No sé dónde sitúa el expresidente este «final del camino». Si se refiere al momento de convocar el referéndum o el de su prohibición. Pero en todo caso es una advertencia: a la hora de la verdad no se puede pasar de puntillas sobre la realidad, porque es fangosa y atrapa. Un proceso de independencia por la vía rápida sólo es posible si se da alguna de estas tres condiciones o una combinación de las tres: disponer de aparatos institucionales coercitivos suficientes para imponerlo; tener el apoyo efectivo de una o varias potencias internacionales, o movilizar una insurrección popular efectiva capaz de bloquear el funcionamiento del país y de las instituciones. Cada uno tiene criterio para evaluar, sin fantasías, si estas condiciones se dan en el caso catalán. No hay más garantía de fracaso que actuar sin conciencia de los límites.

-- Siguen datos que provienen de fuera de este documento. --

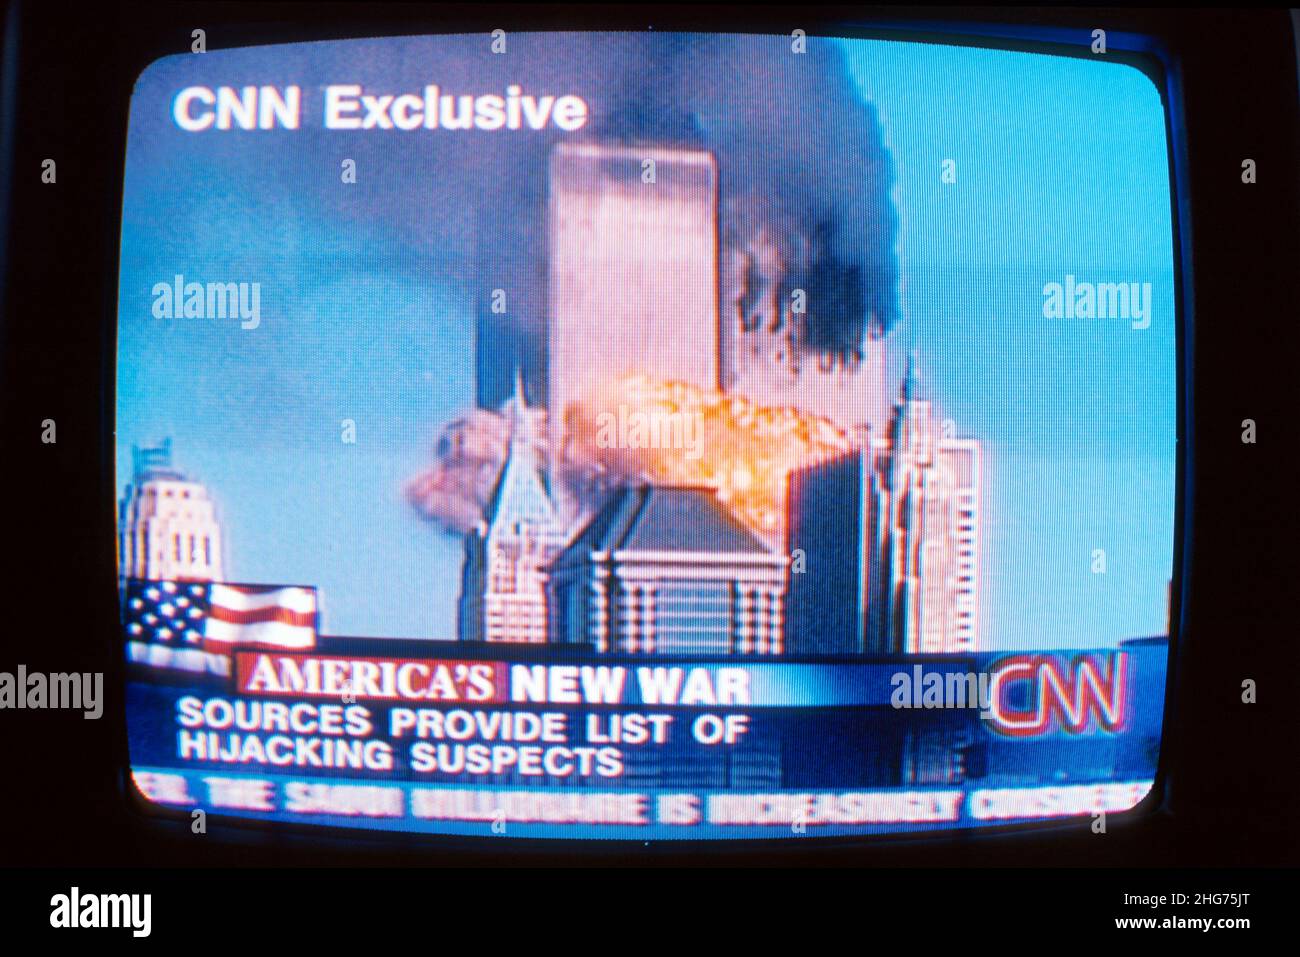 New York City, NY NYC Lower Manhattan, TV écran 9 1 1 911, terrorisme attaque incendiée World Trade Center centre, CNN Ground Zero septembre 11 11 Banque D'Images

Algo diferente es si se asume un proceso largo. En este caso hay otra arma que a mí me parece que, por ahora, es la única que está al alcance: el voto de los ciudadanos. Pero todavía hace falta un largo período de acumulación de capital electoral, ampliando el campo de las alianzas y haciendo patente el descrédito de unas instituciones españolas que sólo parecen entender el lenguaje de la rendición o del choque. El soberanismo ha ganado una batalla: en el gobierno español había la convicción de que era cuestión de tiempo que se disolviera solo. Han pasado cinco años desde la llegada de Rajoy y el soberanismo sigue ahí. Es cierto que existe el riesgo de que el proceso se convierta en una segunda piel del país y que, por tanto, se haga costumbre y deje de avanzar. ¿Y si fuera esta la realidad de la relación de fuerzas? Algunos han reprochado al expresidente Mas su doble papel: uno en la calle y otro ante el tribunal. ¿Por qué se niega la desobediencia en vez de hacer de la misma virtud y bandera política? Pues, probablemente, porque una cadena de errores estratégicos ha hecho reflexionar a Mas sobre el «poder de cada uno». Y no es tiempo de héroes de mesa camilla, sino de hacer política de lo posible.

 

2. INCOMODIDAD.

Me ha sorprendido la obsesión del fiscal Ulled, pero también la del presidente del tribunal, el juez Barrientos, para justificar que no era un juicio político y que no iba contra el soberanismo. Tarea titánica. Ambos saben perfectamente que, sea cual sea la sentencia, las lecturas que se harán serán políticas. Y no por culpa de ellos, sino del origen del procedimiento: la orden del gobierno español al fiscal general de presentar una querella por una consulta que no había hecho nada por impedir. Torres-Dulce cumplió y dimitió. Como dijo en TV3 el corresponsal de The New York Times Raphael Minder, «mal asunto cuando la justicia se siente juzgada y debe defenderse». Es lo que ocurre cuando un gobierno, el del PP en este caso, se niega a afrontar un problema político y lo delega a los tribunales. Los jueces deben asumir una responsabilidad que no les corresponde. Y la viven con incomodidad. Y es también con estas contradicciones como debe jugar un proceso soberanista de larga duración.